Gerade die Leistenden des Bundesfreiwilligendienstes engagieren sich vielfach für das Gemeinwesen. Sie müssen dafür ausreichend entgolten werden, auch um zu verhindern, dass der Bundesfreiwilligendienst ein verkappter Niedriglohnsektor wird. Demgegenüber existieren begründete systematische Rechtsüberlegungen, die derzeit gewährte Steuerbefreiung zu beenden. Leistende des freiwilligen Wehrdienstes und Bundesfreiwilligendienstes beziehen wie übrige Arbeitnehmerinnen und Arbeitnehmer Arbeitslohn, der nach dem Gerechtigkeitsprinzip der Besteuerung, nach der Leistungsfähigkeit der Einkommensbesteuerung zu unterwerfen ist. Nach dem Wegfall der Wehrpflicht und dem Zwangscharakter von Zivildienst und Grundwehrdienst liegt es nahe, die hierzu äquivalenten freiwilligen Dienste mit den übrigen Tätigkeiten gleichzustellen. Vor dem Hintergrund des Spannungsfeldes zwischen ausreichender Entlohnung und steuerrechtlich begründeter Abschaffung der Steuerbefreiung gilt es zu hinterfragen, welche Auswirkungen die geplanten Änderungen für die Beteiligten sowie auf die von diesen erbrachten Dienstleistungen haben. Darüber hinaus ist zu fragen, ob die Steuerbefreiung eine geeignete Maßnahme ist, um die freiwillig Leistenden besser zu entlohnen.
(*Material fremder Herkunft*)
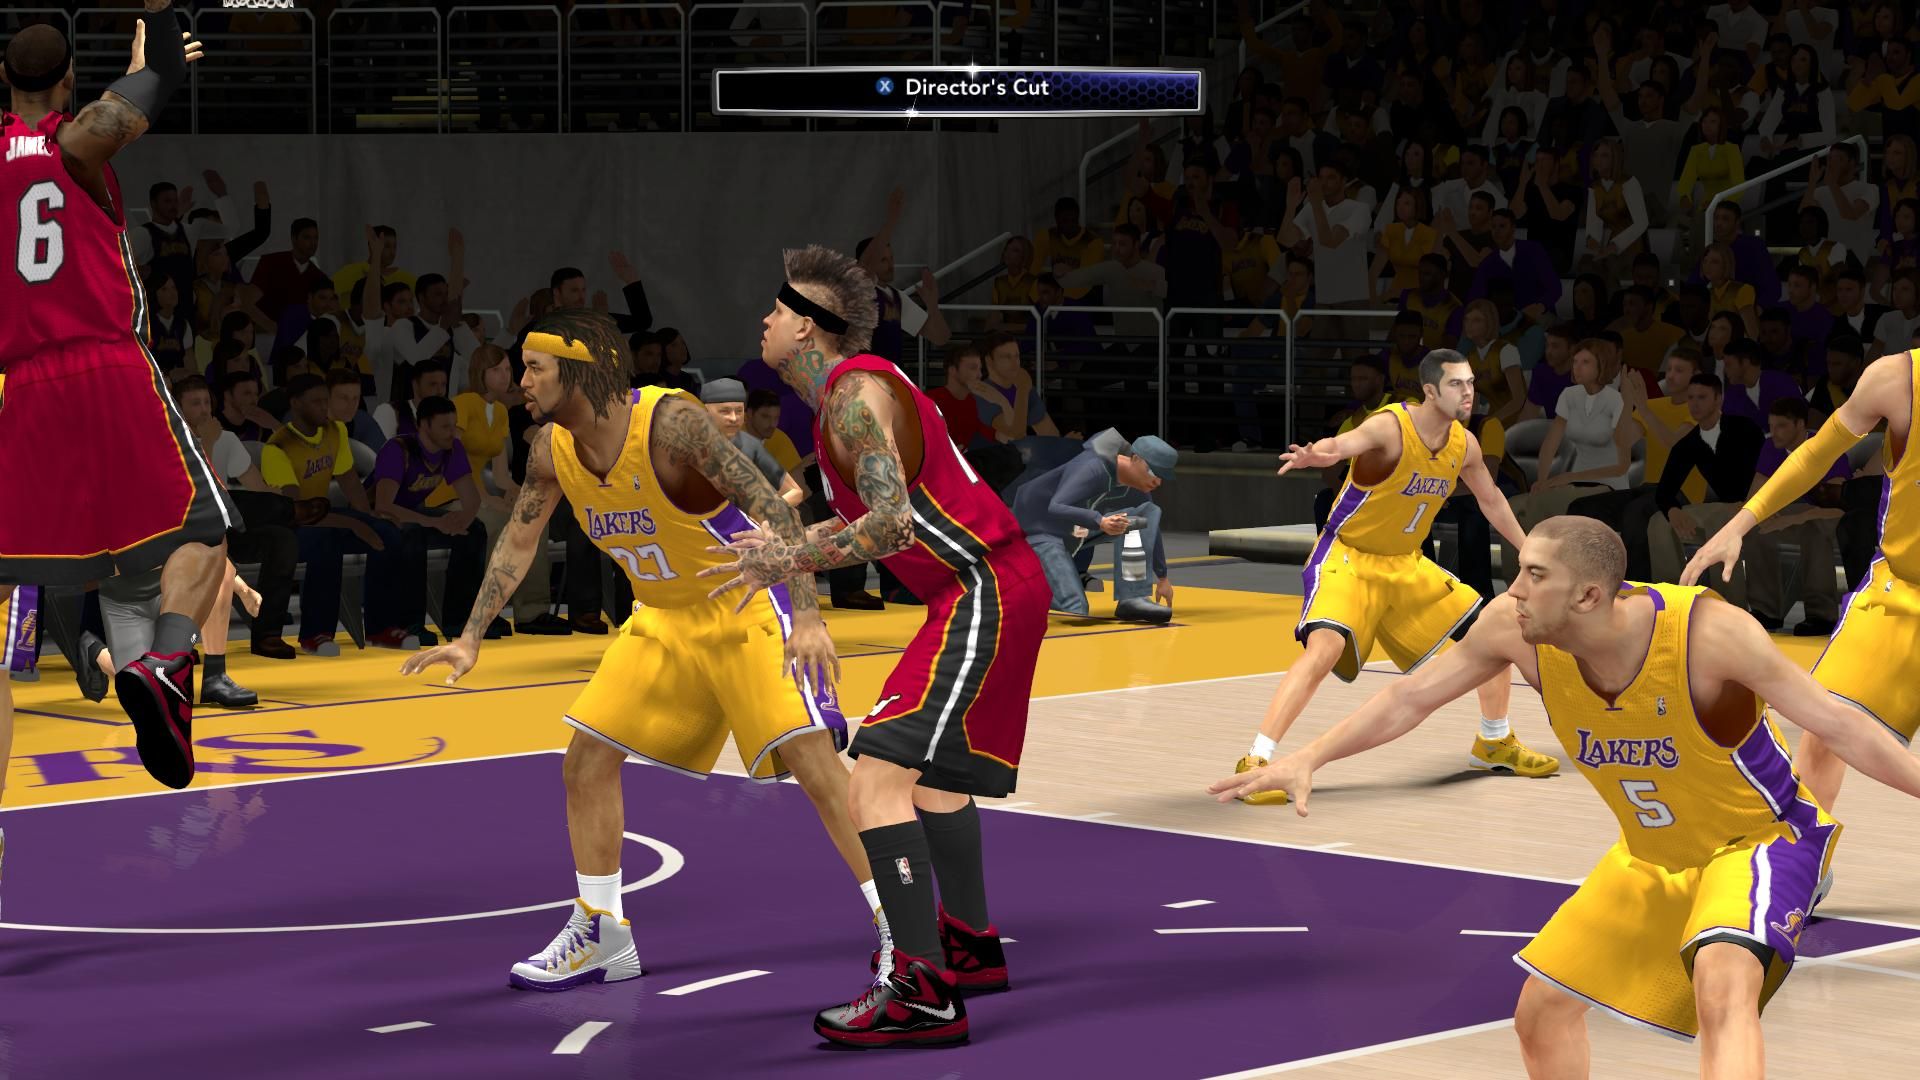 tight jersey cloth file with reg exe.please back up files - NBA 2K14 at
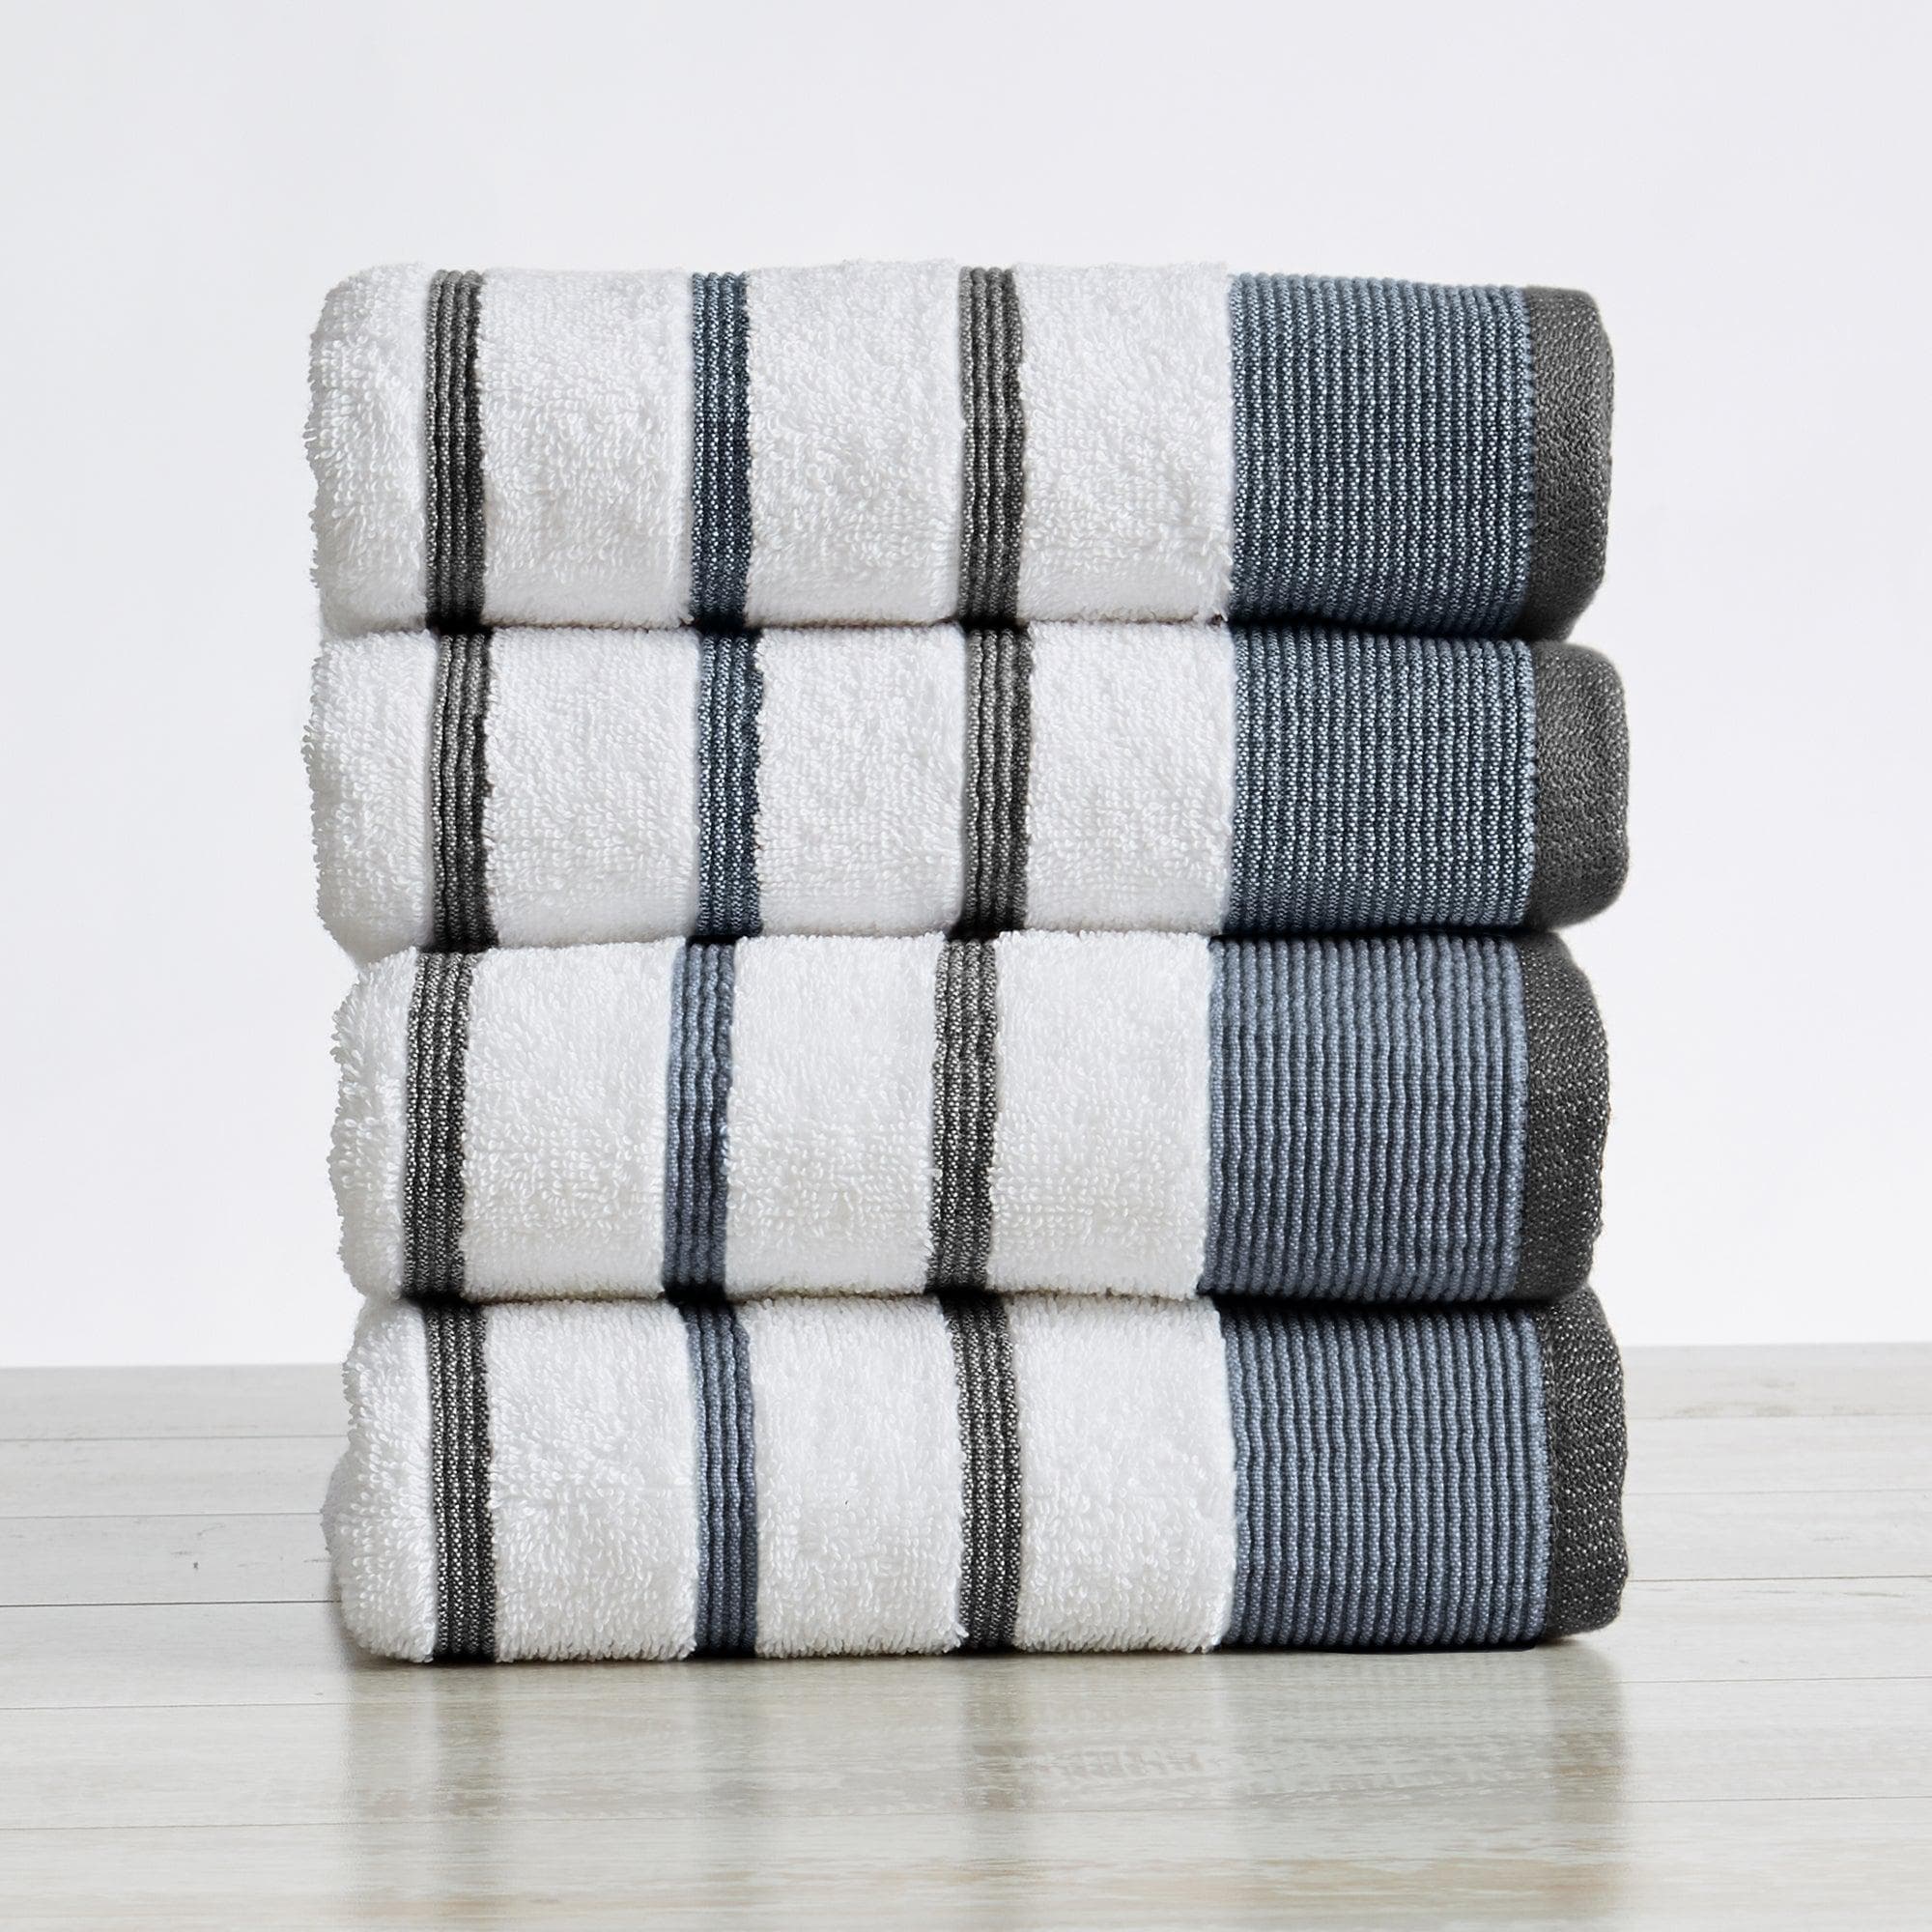 6-Piece Cotton Bath Towel  Noelle Collection by Great Bay Home

Wir fragen die Bundesregierung:
Fragen53
Welche gesellschaftspolitische Bedeutung misst die Bundesregierung dem Bundesfreiwilligendienst zu (bitte mit Begründung)?
Welche Auswirkungen würden sich in den karitativen Berufen hinsichtlich zusätzlich benötigter Stellen nach Ansicht der Bundesregierung ergeben, wenn der Bundesfreiwilligendienst wegfallen würde (bitte mit Begründung)?
Wie viele Bundesfreiwilligendienstleistende sind seit Einführung dieses Dienstes hierzu angetreten (bitte nach Monaten und Jahren untergliedern, gegebenenfalls nach Altersstruktur der Leistenden untergliedern)?
Wie viele verfügbare und offene Stellen sind der Bundesregierung für die Ableistung des Bundesfreiwilligendienstes bekannt (bitte nach Monaten und Jahren differenzieren)?
Welche Erkenntnisse hat die Bundesregierung über die Attraktivität des Bundesfreiwilligendienstes in Bezug auf das Verhältnis zwischen angebotenen Stellen und nachgefragten Stellen (bitte mit Begründung)?
Wie ist der Bundesfreiwilligendienst hinsichtlich Arbeitszeit, Entlohnung, Arbeitsverhältnis, Sachleistungen ausgestaltet (bitte mit Angabe der Gesetzesnorm, möglichen Staffelungen bei dem Entgelt, Behandlung beim Arbeitgeber und Begründung)?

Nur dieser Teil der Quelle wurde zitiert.